# Cutting Patches



## charlie710 (Oct 26, 2014)

A trick I learned a few years back. Cutting out drywall that has been finished and painted is alot easier if you break the tip off of a router bit..break it off about 3/8 inch from the tip and it will go thru like butter. Scribe it first for a staighter cut of coarse.


----------



## FixitmanArizona (Oct 28, 2014)

I just use an old fashioned L square and a sharp box cutter to cut the face, then a small foldable hand saw to cut the rest (because it's quicker that way. If you cut correctly for a patch the middle of one side will probably be over a stud. cut the rest off first, cut through with a box cutter on the part over the stud. Perfect square and no messy edges, first try. 
Have you learned the "butterfly" patch style yet? for fist sized (doorknob holes too) that's the easiest way. cut your face paper about 2 inches larger than the hole, cut 4 lines to make a square on the back the size of the hole, break the edges off and you have your butterfly patch. Mud the back of the facing paper, 
smooth onto the wall, then apply a skim coat over the entire patch and a bit away from the edges. Second coat, sand, and texture. Beats buying those stupid mesh patches any day (homeowners try this and I invariably cut those out.) You can still support the back the really old fashioned way with a board if you need to.


----------



## thefinisher (Sep 2, 2011)

For me I love my little patch box.
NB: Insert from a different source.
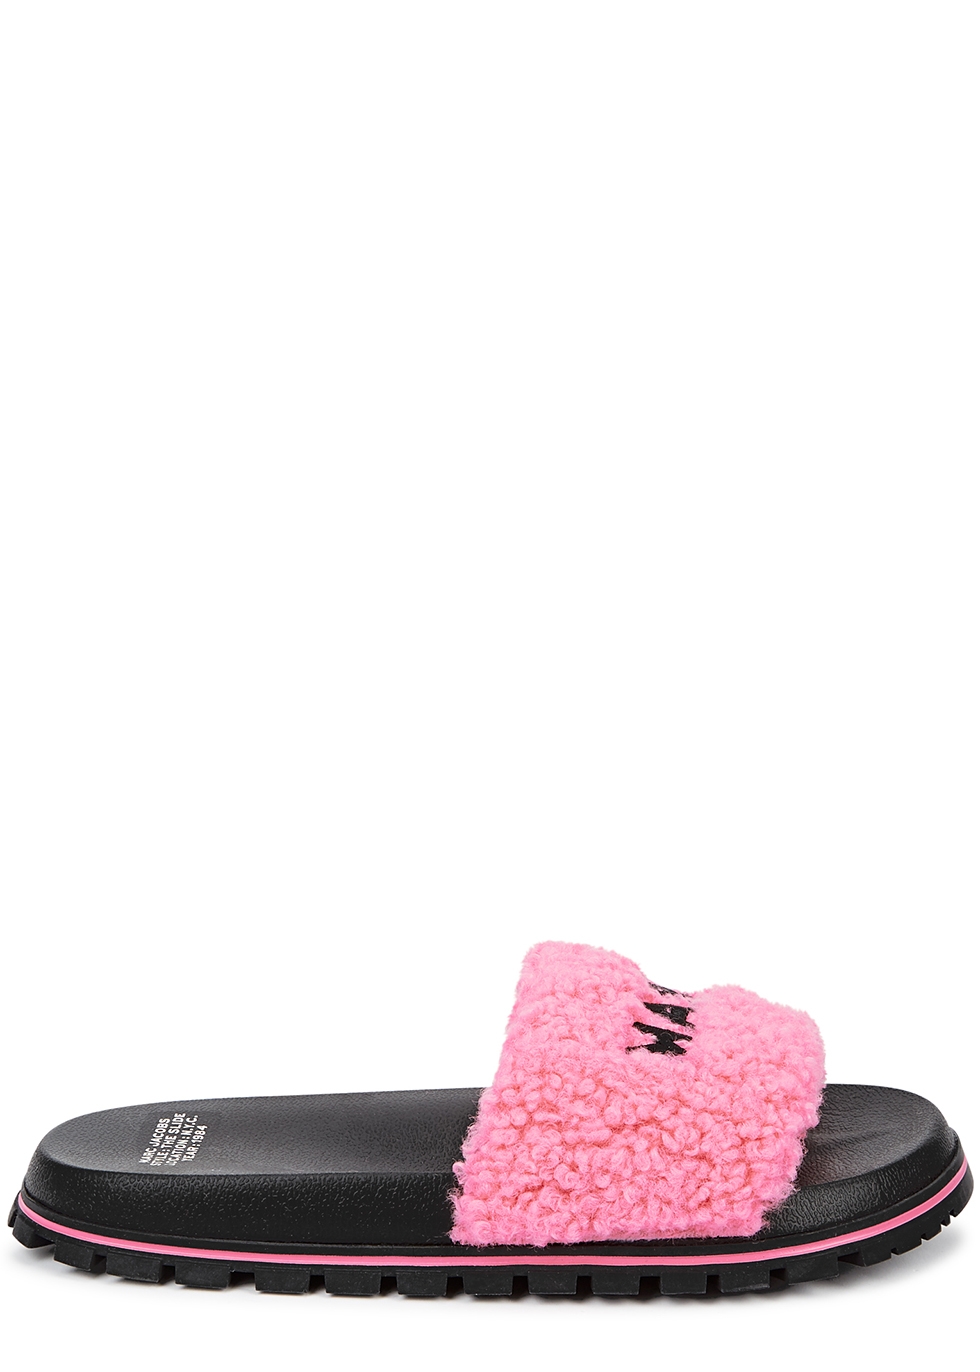 Marc Jacobs The Slide logo faux shearling sliders

I have a small cordless Bosch gun with a screw setter and and a cordless vibratory cutter. I keep my tape measure, razor knif, and a few hundred screws in there. Makes for a very portable patch "kit". Even with the small battery size I have hung 10 boards no problem with no sign of battery drain. Will try and post a pic later of my kit.


----------



## charlie710 (Oct 26, 2014)

Butterfly patch is very handy...used it many times...we call it a hot patch. I follow you on how you make your patch cuts. If you ever get into a situation where you have to go thro a lot of paint and mud try a broken router bit. 
Going to look into that cordless screw gun


----------